In contrast, the A samples with the lowest concentration of urea (0.12 M) and CaCl2 (0.055 M) had a large amount of sand loss with weak water resistance (Table 3), resulting in only a small amount of mass remaining on the top (Figure 5).
Another important factor for cementation solution was the addition of 25 mM NaHCO3, 150 mM NH4Cl, and 7.5 g/L BHI. Compared with the sample treated with the cementation solution containing NaHCO3 and NH4Cl, the sample with the cementation solution containing only urea and CaCl2 did not show any MICP activity.

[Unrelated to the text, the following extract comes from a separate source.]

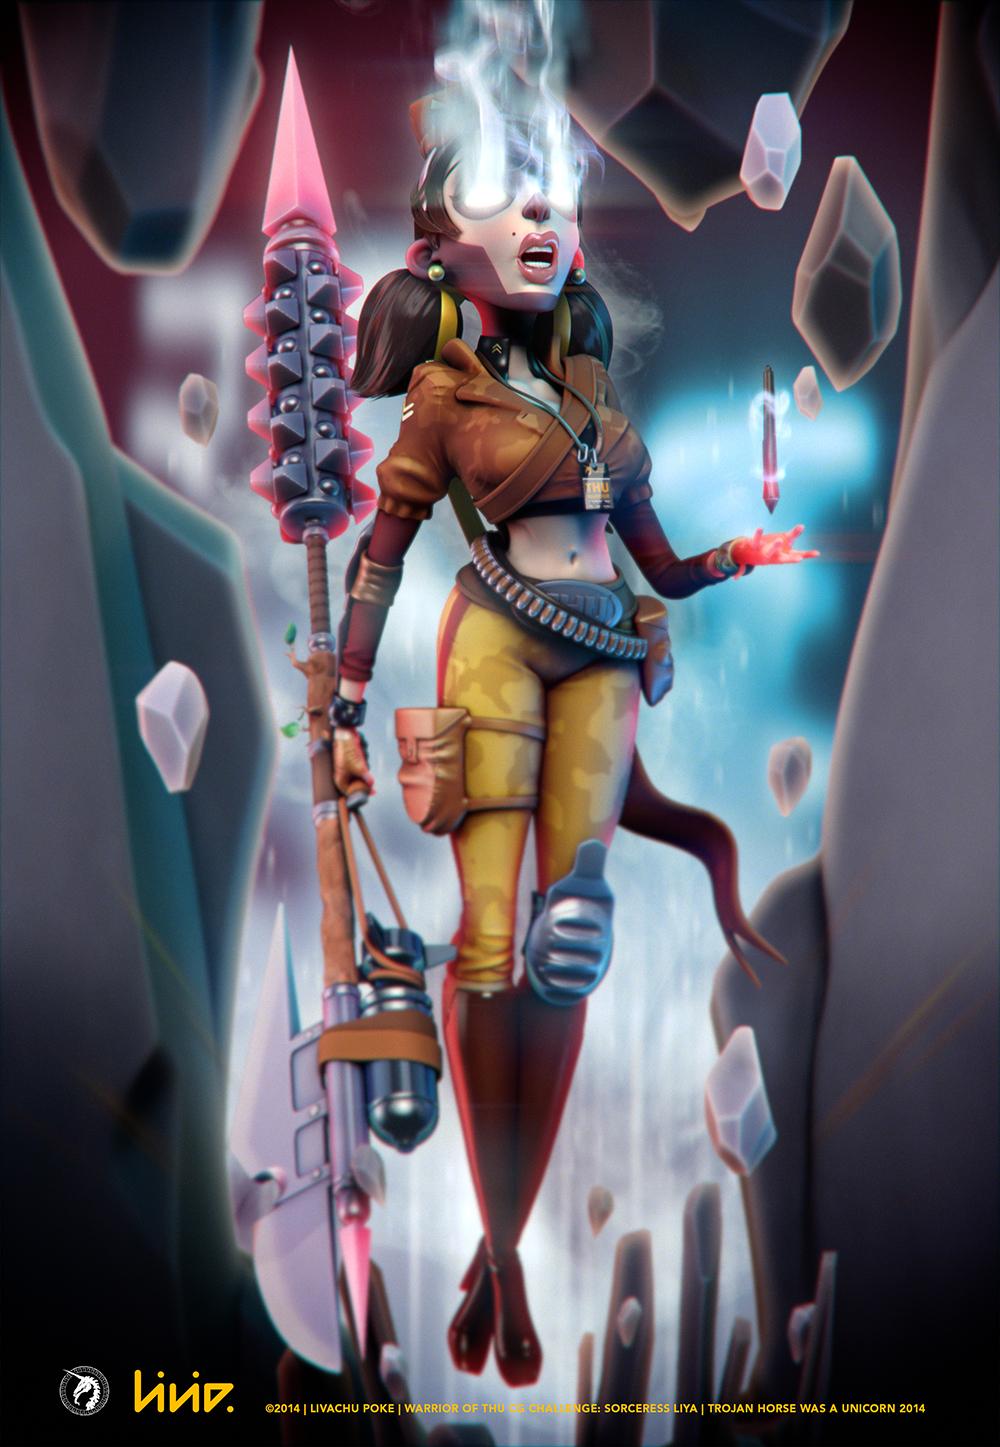 Livachu sorceress liya 1 7877c3a0 p83d
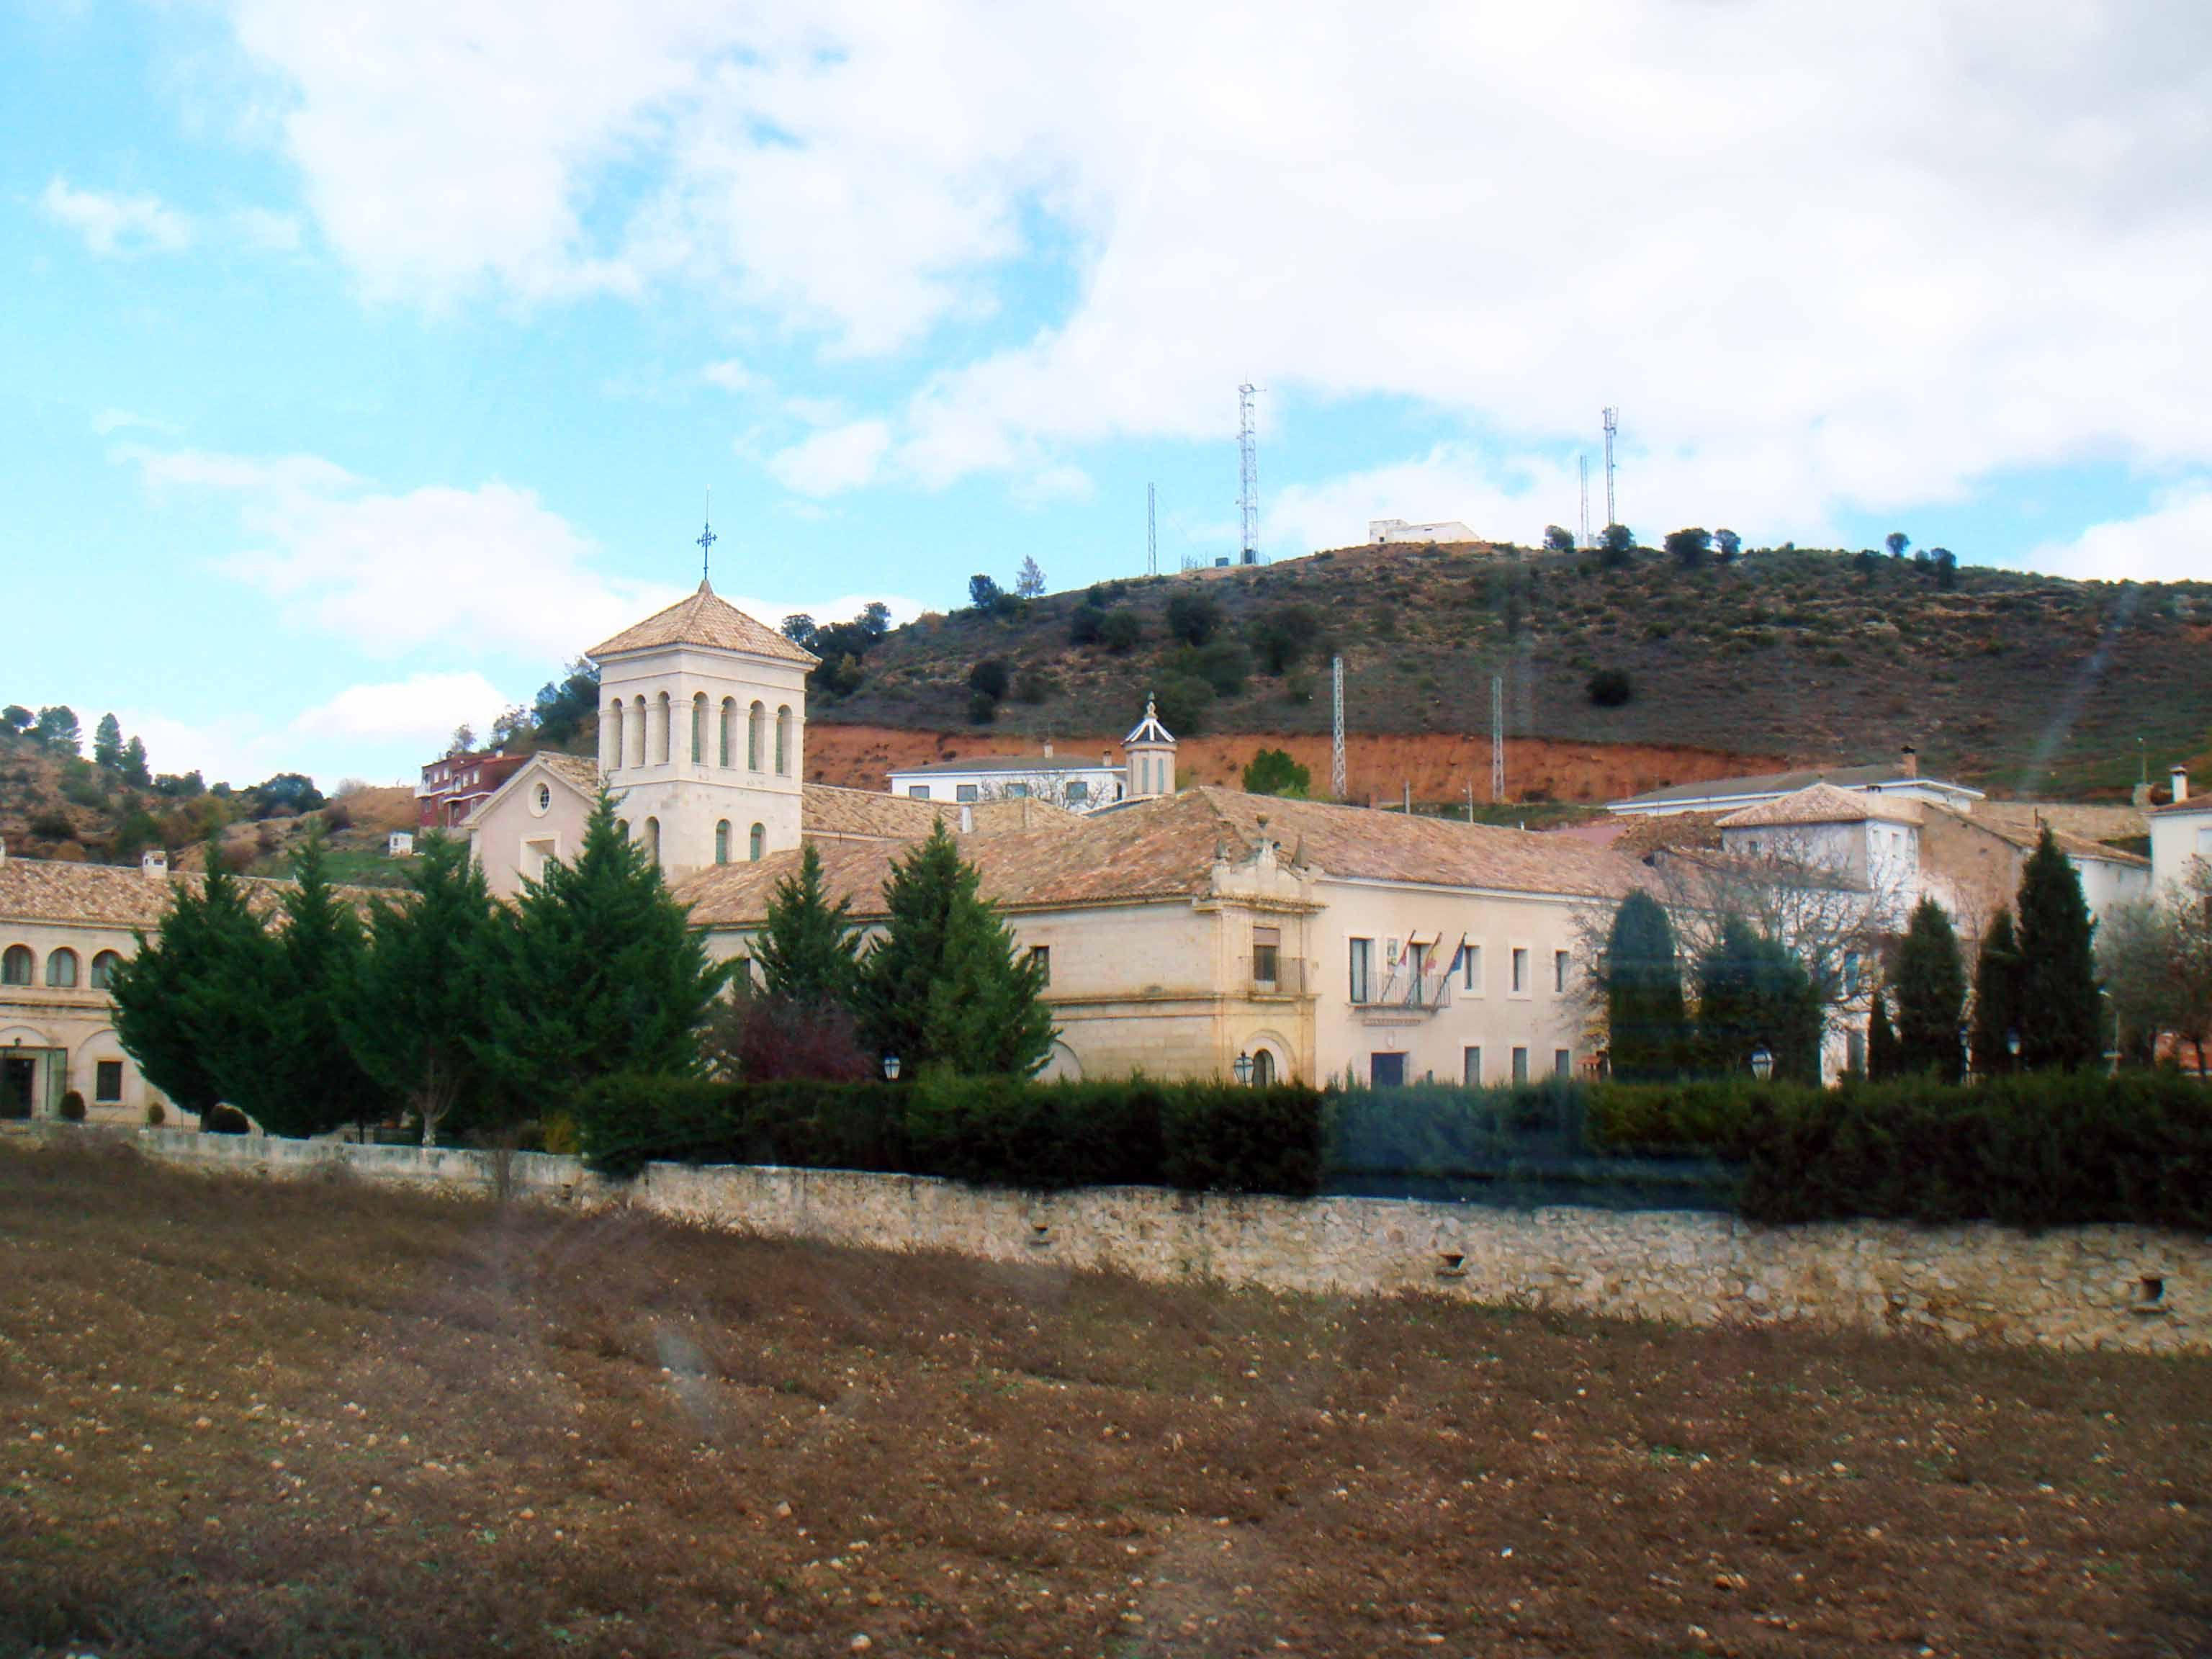 Hoy la ruta nos lleva hasta Garaballa. Entre libros, contemplo el Monasterio de Tejeda

3.1.4. Study of the Cementation Process

The most optimized method of injecting the bacterial solution, fixation solution, and cementation solution was as follows: 10 mL of the bacterial solution was poured into 10 g of sand, followed by the injection of 10 mL of the fixation solution and mixing with sand. The sand, bacterial solution, and fixation solution were alternatively stacked, and this process was repeatedly performed in order to fill the mold to the planned height. By alternately injecting bacterial solution and fixation solution into each layer of sand, the bacteria were evenly distributed and fixed in the sand with a curved shape and edge of the mold.
When the bacterial solution and the cement solution were mixed together before being injected into the sand, the biocement was concentrated on the surface of the sample resulting in a weak strength of the sample. In addition, when the bacterial solution and fixation solution were injected into the sand without dividing the sand layer, the bottom of the sample was not hardened.

3.1.5. Study of Mold

Material. The material of the mold was made of PVC film (0.3 mm–0.5 mm in thickness) and the drainage part was made of perforated plate (0.5 mm in thickness) with a diameter of 500 μm. The perforated plate showed little adhesion with the biocement sample, indicating that it is necessary to study other drainage materials. The material of the module was additionally investigated with 3D printer filament PLA (polylactic acid), concrete, syringe, and wooden material. The 3D filament PLA material, concrete, and syringe showed adhesion with the biocement sample such that the biocement sample could not be separated from the mold; the wood had issues with absorption.
Structure. The mold generated the most optimized biocement sample in the form of the vertical column structure. The transformation of the mold was applied to the plane. To produce uniformity and repetitive production of the modules, each module was assembled horizontally.
Injection and Drainage Structure. The injection and drainage were designed to be formed in a vertical structure and the injection port was open at the top. When the injection port was made of small holes, the biocement was concentrated around the hole, resulting in uneven strength in the mold. Applying the injection port at the side of the mold interfered with MICP activity. The ideal diameter of the drainage hole was 500 μm or less, considering the average size of the sand particles.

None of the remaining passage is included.